We hypothesized that a topical mixture of purified deoxyribonucleosides would accelerate wound healing in an open wound model.

Design

Full-thickness 6-mm wounds were made on the ears of young adult rabbits. In some experiments, 2 of the 3 arteries in each ear were divided to induce wound ischemia.

Interventions

An equiweight mixture containing all 4 of the major deoxyribonucleosides (deoxyadenosine, deoxycytidine, deoxyguanosine, and thymidine), designated PN105, or other subgroups of deoxyribonucleosides, or vehicle (saline) was applied to wounds on 1 ear every 2 days, with the other ear serving as a control.

Main Outcome Measures

Wound tissue was processed for histological examination 7 days after the initial wounding. Granulation tissue formation and epithelialization were measured in histological cross sections of wounds.

Results

Treatment of wounds with PN105 resulted in a 191% increase in total new granulation tissue (P<.05) and a higher incidence of complete wound reepithelialization (67% vs 37%; P<.05) when compared with controls, and a similar increase under ischemic conditions on day 7. Wound ischemia markedly impairs healing; PN105 treatment resulted in a 242% increase in the amount of new granulation tissue formed by day 7 in ischemic wounds, relative to the appropriate controls (P<.05).

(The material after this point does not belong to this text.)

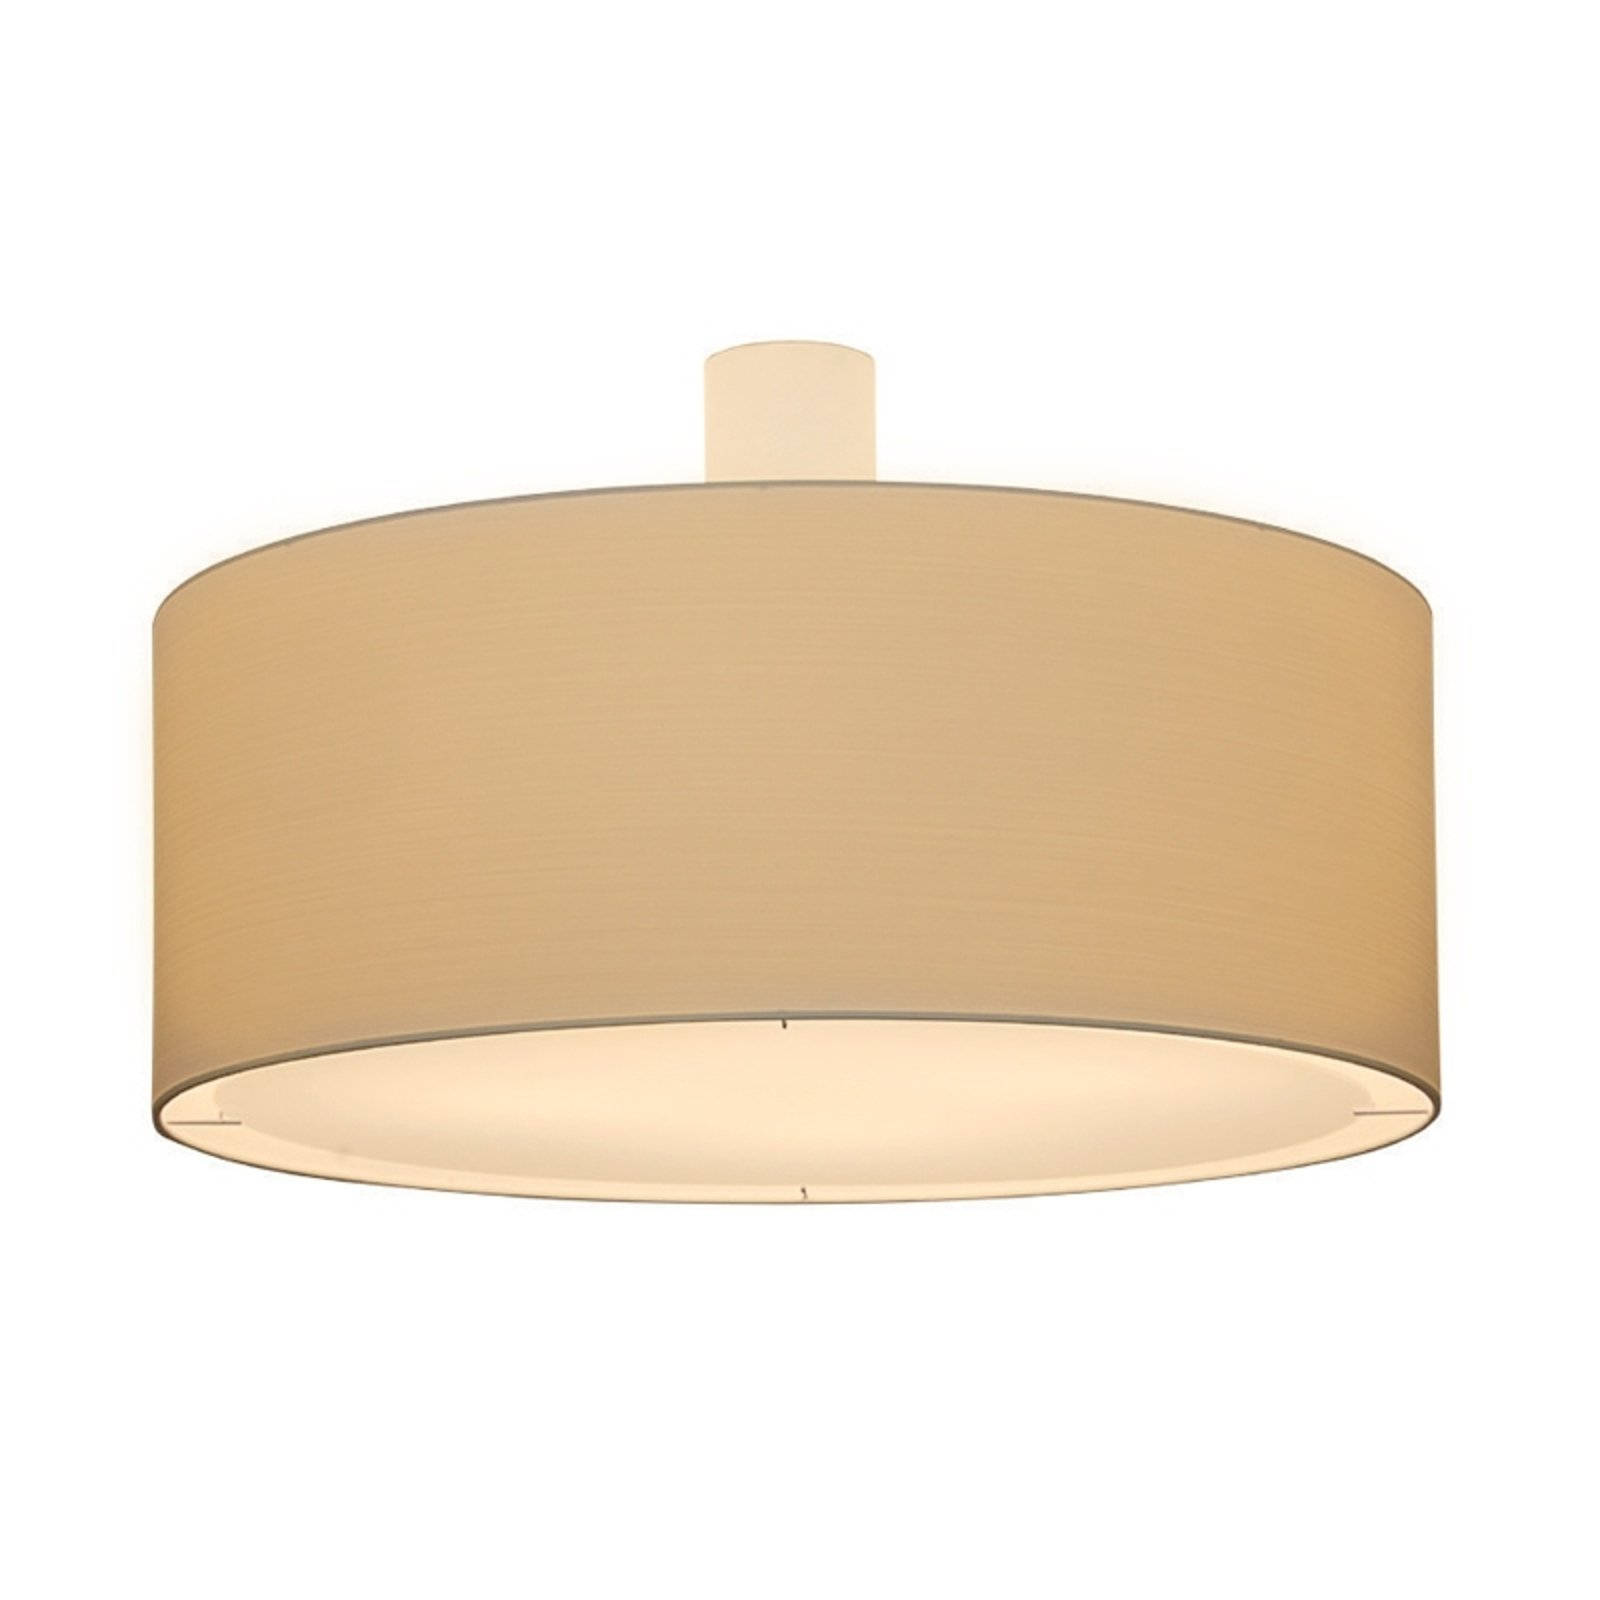 Kremfarget taklampe LIVING ELEGANT Ø 80 cm

All 4 of the major deoxyribonucleosides were required for optimum activity; mixtures with 3 or 2 were less active or inactive.

Conclusions

Topically applied deoxyribonucleosides reproducibly accelerate wound healing in normal and ischemic wounds, and to a magnitude equivalent to that of recombinant growth factors such as platelet-derived growth factor, previously studied in this model. In view of their safety, availability, and efficacy, deoxyribonucleosides hold considerable promise for improving healing of chronic wounds.